O vizinho de um pub do sul de Londres que defendeu um evento de drag storytelling de manifestantes de extrema direita falou de sua raiva após ser algemado pela polícia e arrastado perante um juiz por suas ações.

Amardeep Singh Dhillon foi condenado por um crime de ordem pública no mês passado, sob poderes policiais controversos, após sua prisão do lado de fora do pub Honor Oak, em Forest Hill, em junho.
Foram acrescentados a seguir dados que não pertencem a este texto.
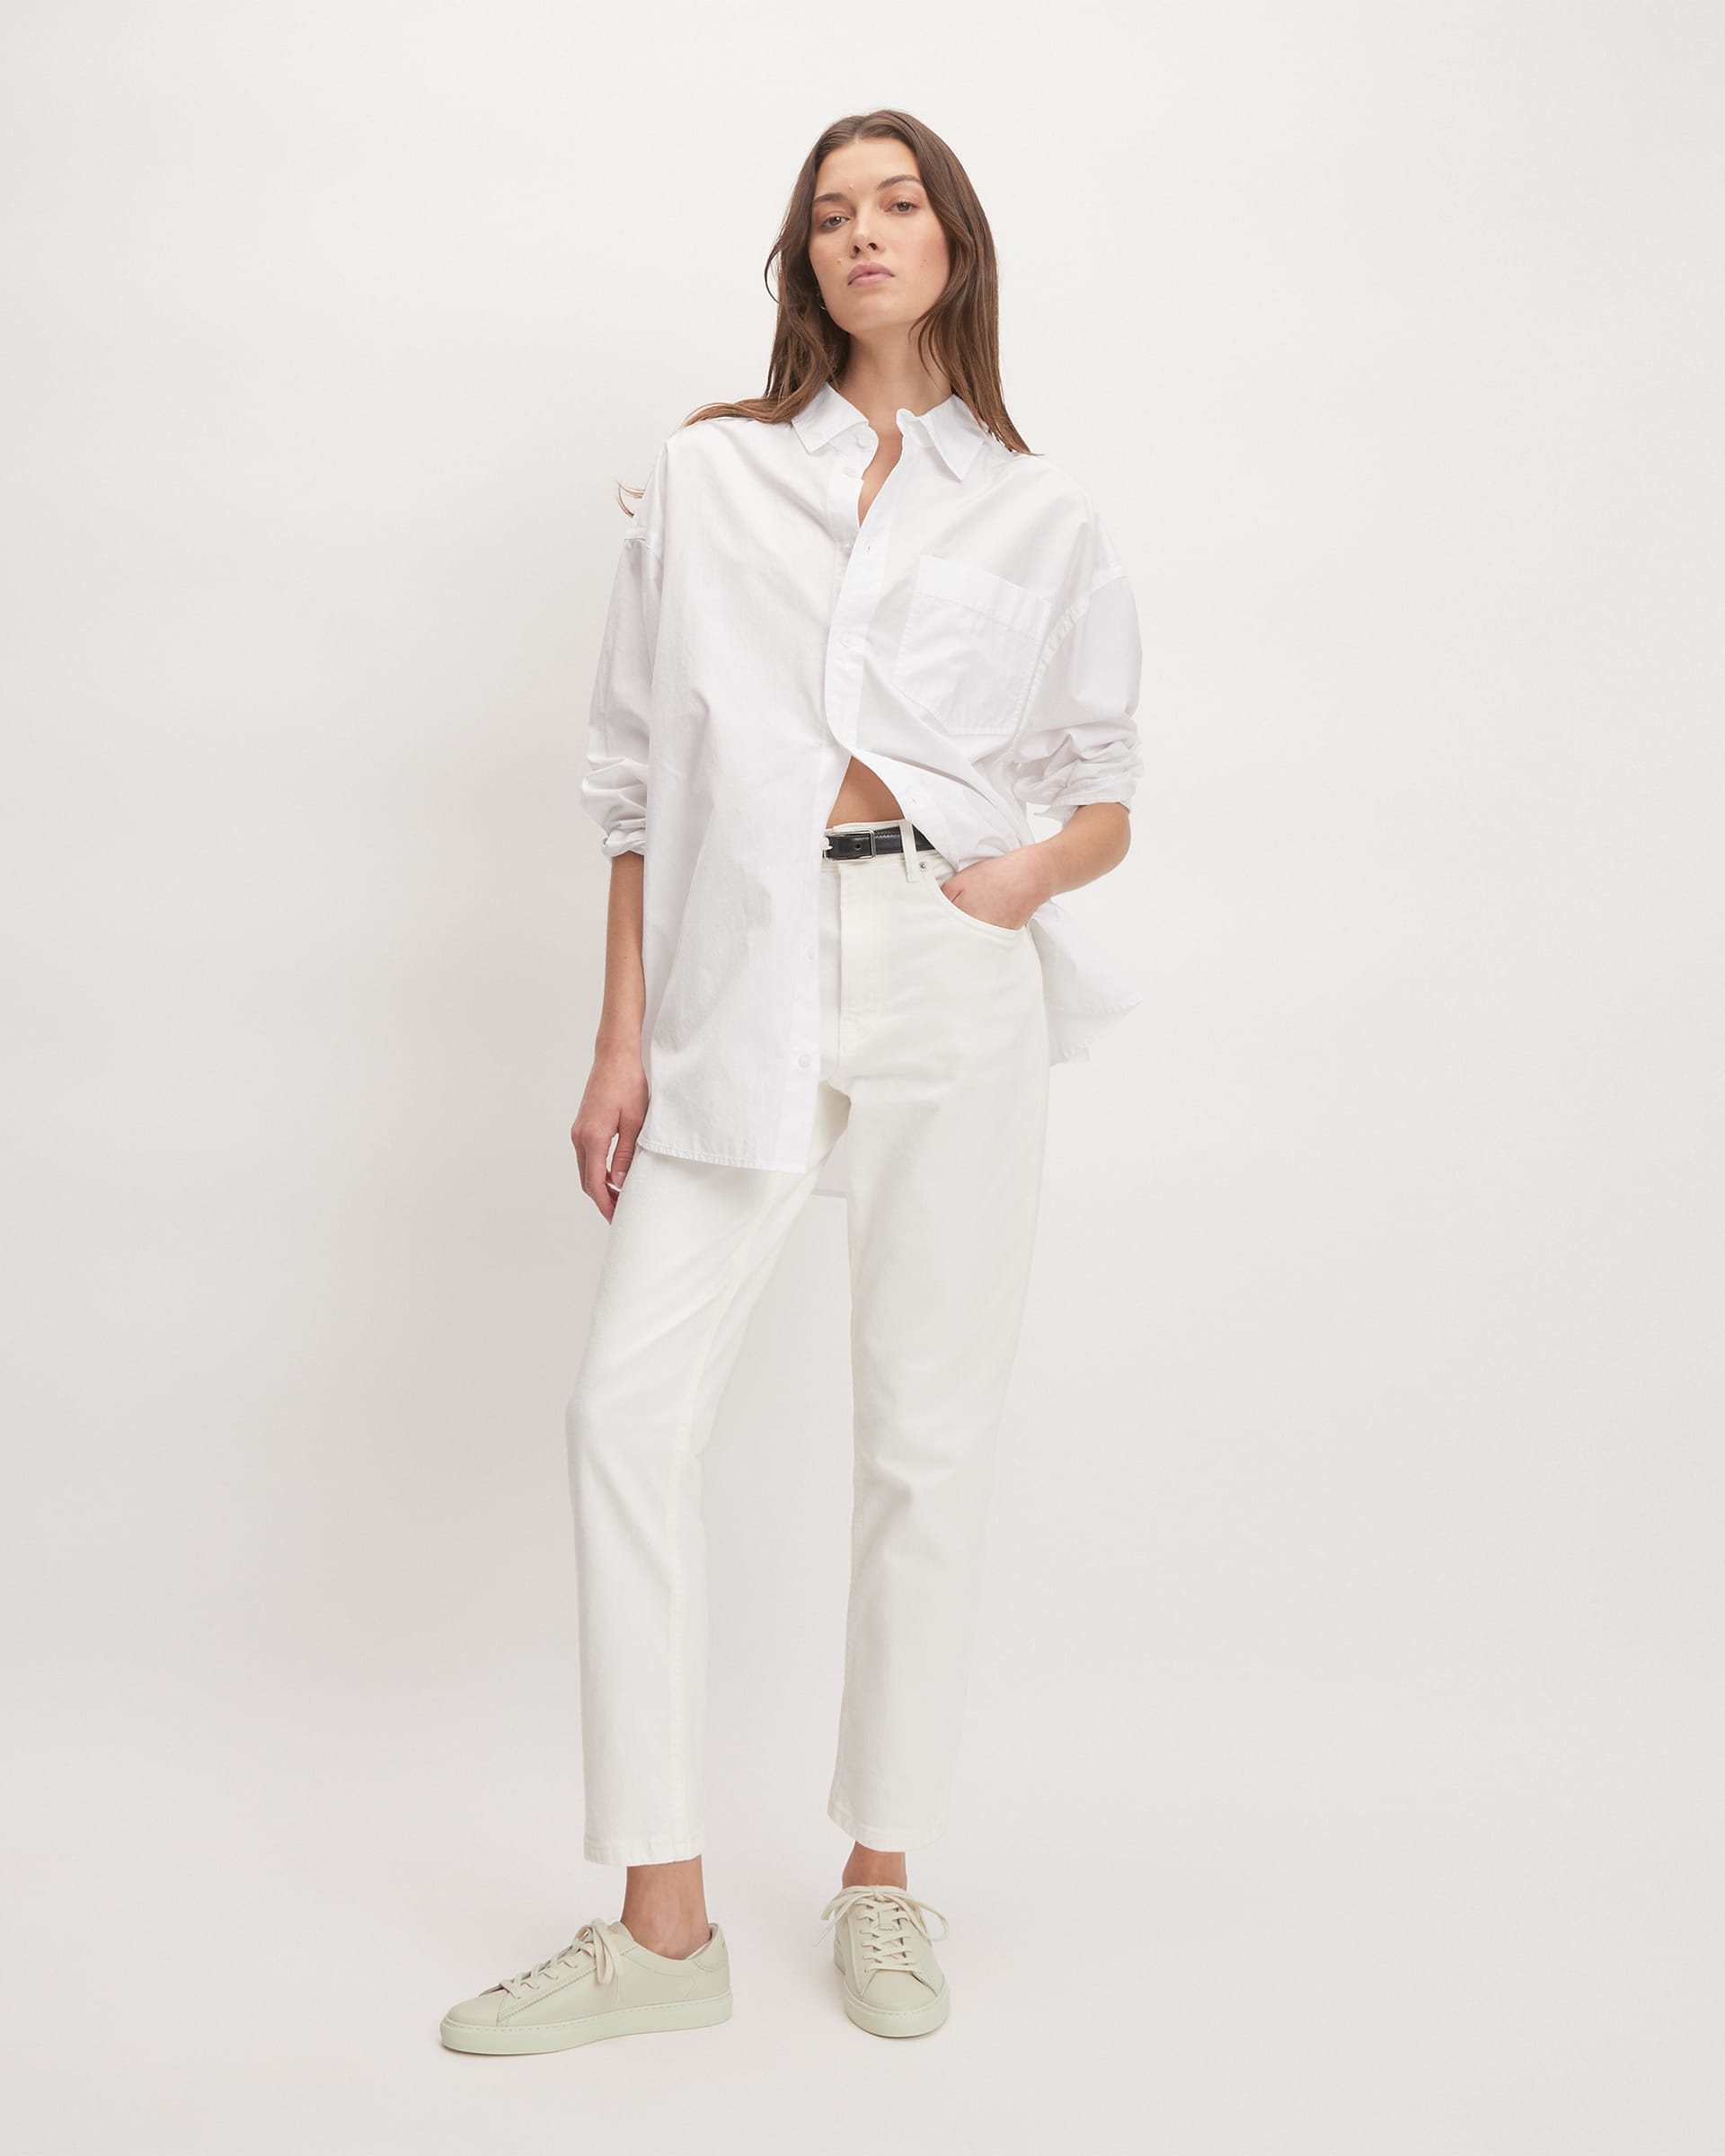 The Day Sneaker Parchment – Everlane

Ele foi inicialmente detido com base na Lei de Ordem Pública de 1986, que foi alterada pela Lei de Polícia, Crime, Sentenças e Tribunais do ano passado.

Dhillon estava lá com um grupo de pais, crianças e outras pessoas da comunidade local de Lewisham para contraprotestar a organização de direita Turning Point UK, depois que ela anunciou que estava tentando impedir a realização de um evento de contação de histórias com drag queen para crianças.
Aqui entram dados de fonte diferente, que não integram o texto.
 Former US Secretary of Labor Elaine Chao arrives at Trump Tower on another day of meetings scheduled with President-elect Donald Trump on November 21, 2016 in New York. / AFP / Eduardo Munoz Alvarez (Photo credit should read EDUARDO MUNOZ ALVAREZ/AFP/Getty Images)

Dhillon disse ao openDemocracy que eles estavam parados pacificamente na rua, depois de já terem se livrado do grupo de extrema direita, quando a polícia anunciou que estava implementando a chamada ordem da seção 14, o que significa que a polícia considerou que a assembleia estava causando “sérios transtornos à vida da comunidade”.

Embora a seção 14 da Lei de Ordem Pública remonte à década de 1980, uma emenda a ela aprovada no início deste ano reduziu o limite para que os protestos sejam classificados como “perturbação grave”, dando aos policiais mais poderes para restringir os protestos.

“Tenho medo da polícia, então entrei em pânico”, disse Dhillon. “Fiquei paralisado. Quando dei por mim, estava algemado, revistado e jogado na traseira de uma van.”

Ele acrescentou: “Nenhuma seção 14 foi anunciada quando os nazistas estavam lá. A polícia não parecia achar que nazistas atacando pessoas na rua fosse suficiente, mas achavam que os pais e as crianças locais eram.”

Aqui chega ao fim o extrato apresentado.